Türkiye'deki gösterilerin Avrupa'dakilerle benzer olmasından onur duyduğunu söylüyor. Ben Avrupa'da birkaç metreden göstericinin gözüne, kafasına nişan alınarak gaz bombası atıldığını hiç duymadım... Hele, yaşamların yitirildiği, binlerce yaralının olduğu bir gösteri sonrası "destan yazdılar" diyerek onlarca maaş ikramiye verildiğini hiç ama hiç duymadım!..

Türkiye basın özgürlüğünün, toplanma özgürlüğünün olmadığı ülkelerle karşılaştırılamaz diyor... Daha dün adalet bakanı "hapishanelerde yer kalmadı" açıklaması yaptı... O yer kalmayan hapishanelerde iktidar partisinin marifetiyle, 74 basın mensubu ile birlikte binlerce toplantı, yürüyüş hakkını kullanmak isteyen, gösteri yapan tutuklu yatıyor.

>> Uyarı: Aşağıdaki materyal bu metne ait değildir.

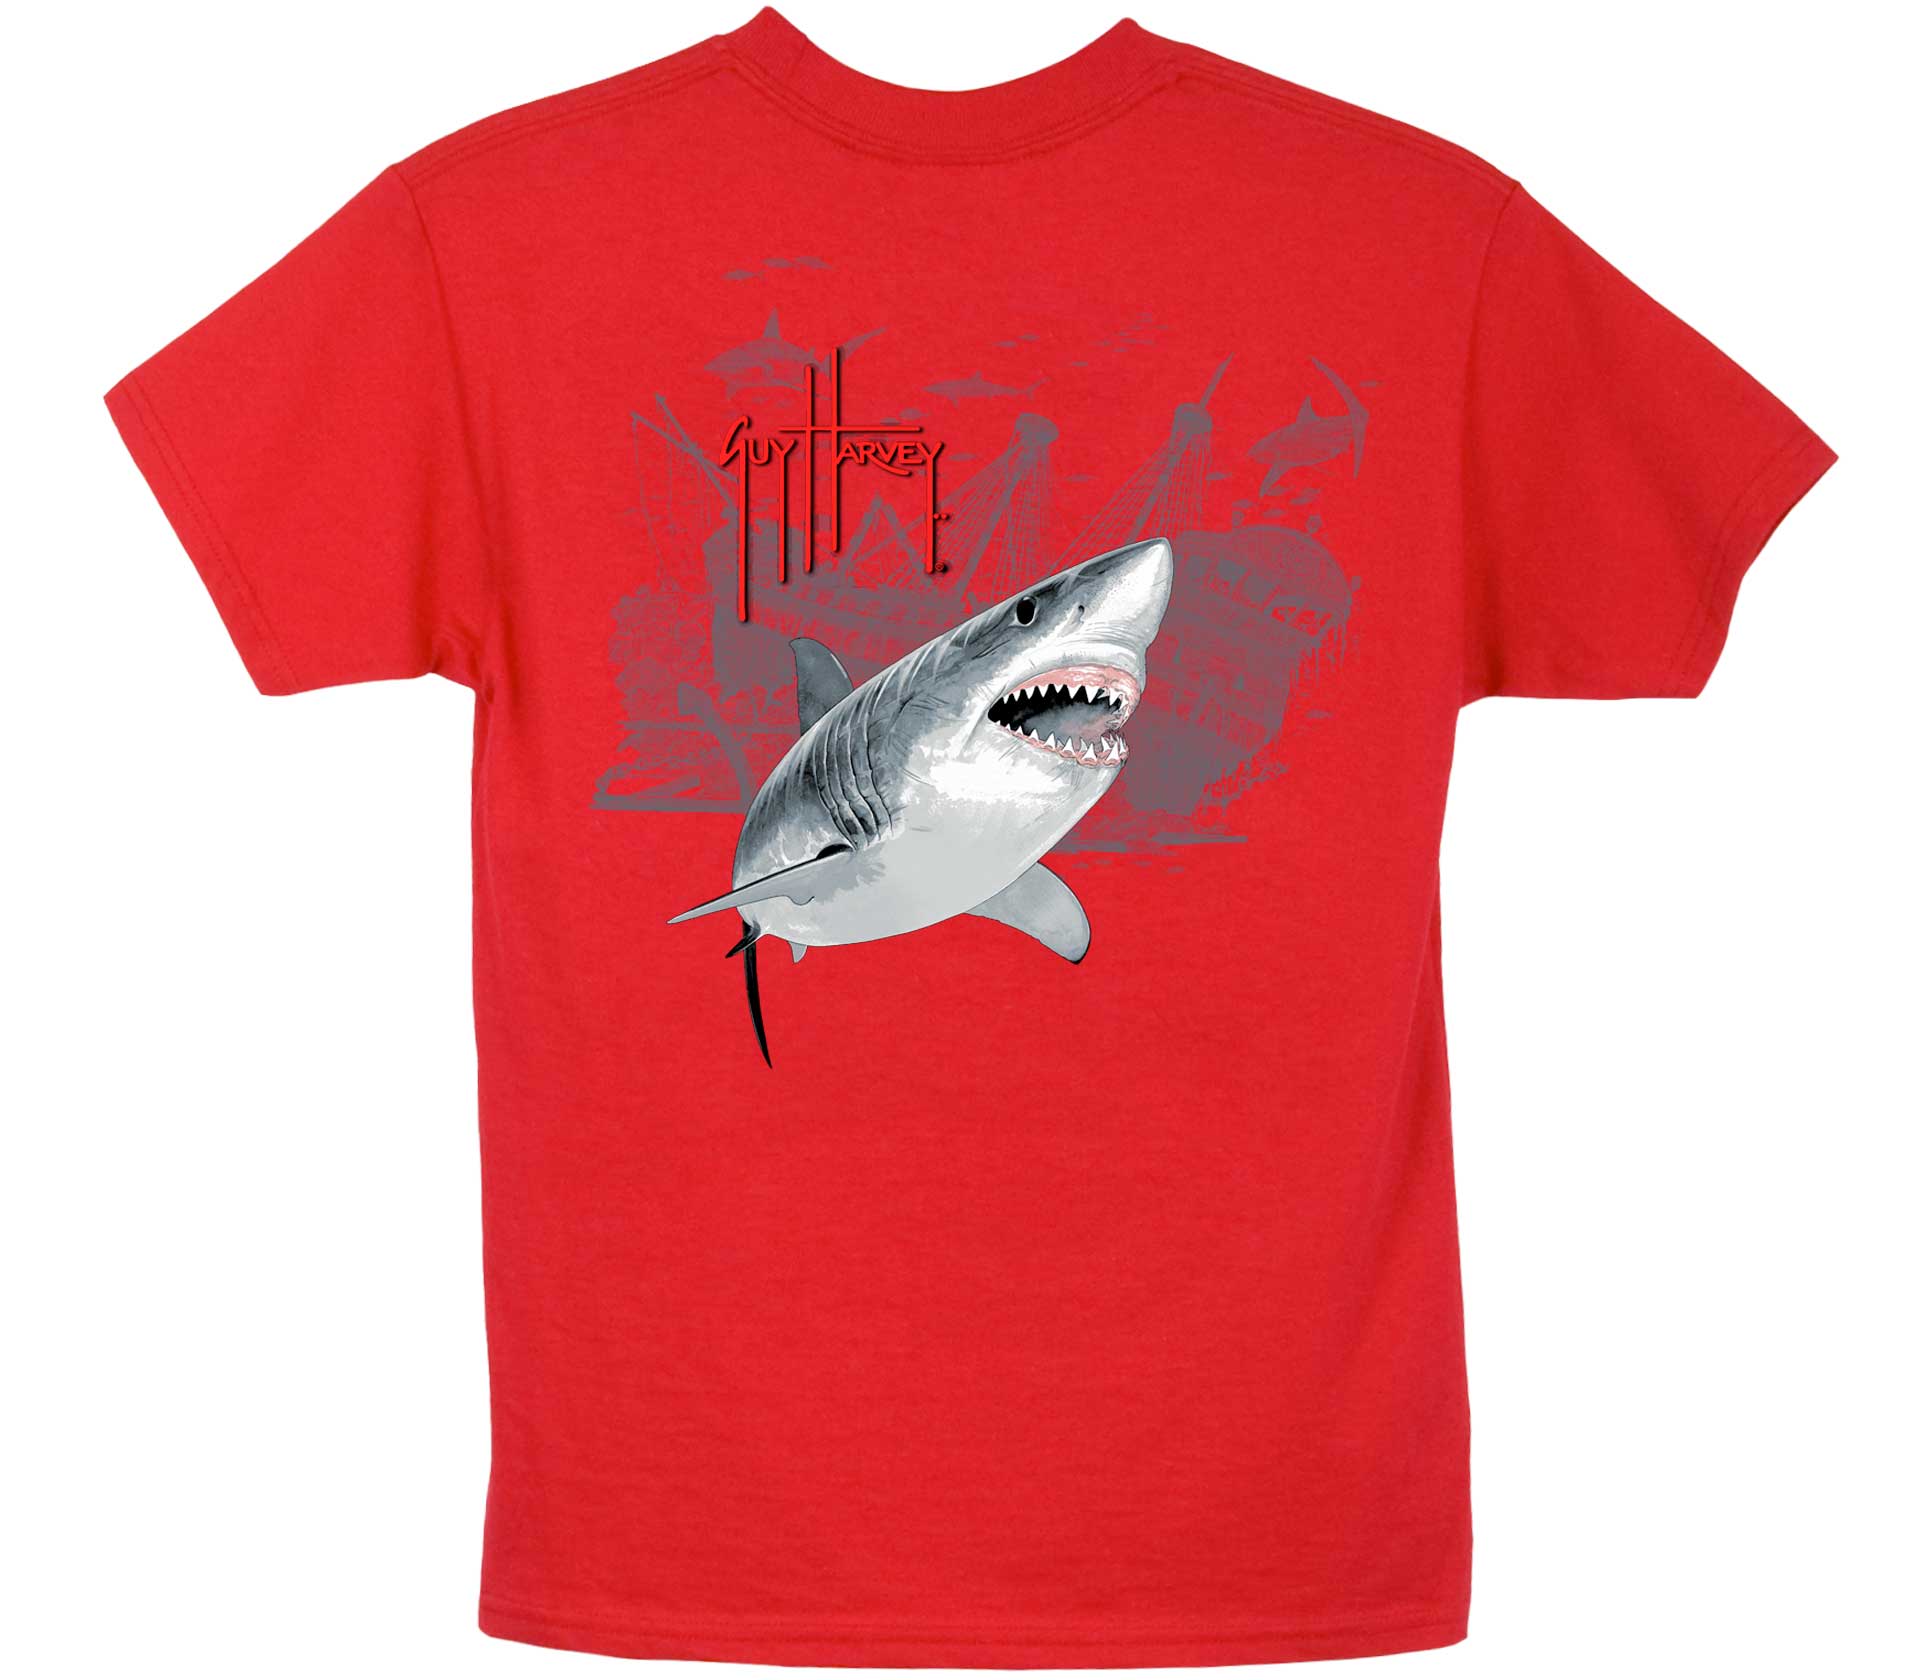 guy harvey kids shark t shirt

Her gün ülkenin bir yerinde gösteri yapmak isteyen öğrencilerin, çiftçilerin, işçilerin polis tarafından nasıl yerlerde sürüklendiğini gösteren fotoğraflar boy boy yayımlanıyor

Hadi, burada, ileri faşizmin insanları canından bezdirdiği bu güzelim ülkede, gazeteciler tartaklanmak, işini kaybetmek korkusuyla Başbakan ya da bakanlara, onları öfkelendirecek soru soramıyor diyelim... Bu muhteremin konuştuğu yerde, bir kişi olsun çıkıp, iki sözcük olsun etmedi mi?..

-Sayın bakan, ayıptır, siz bizi salak mı sanıyorsunuz... demedi mi?!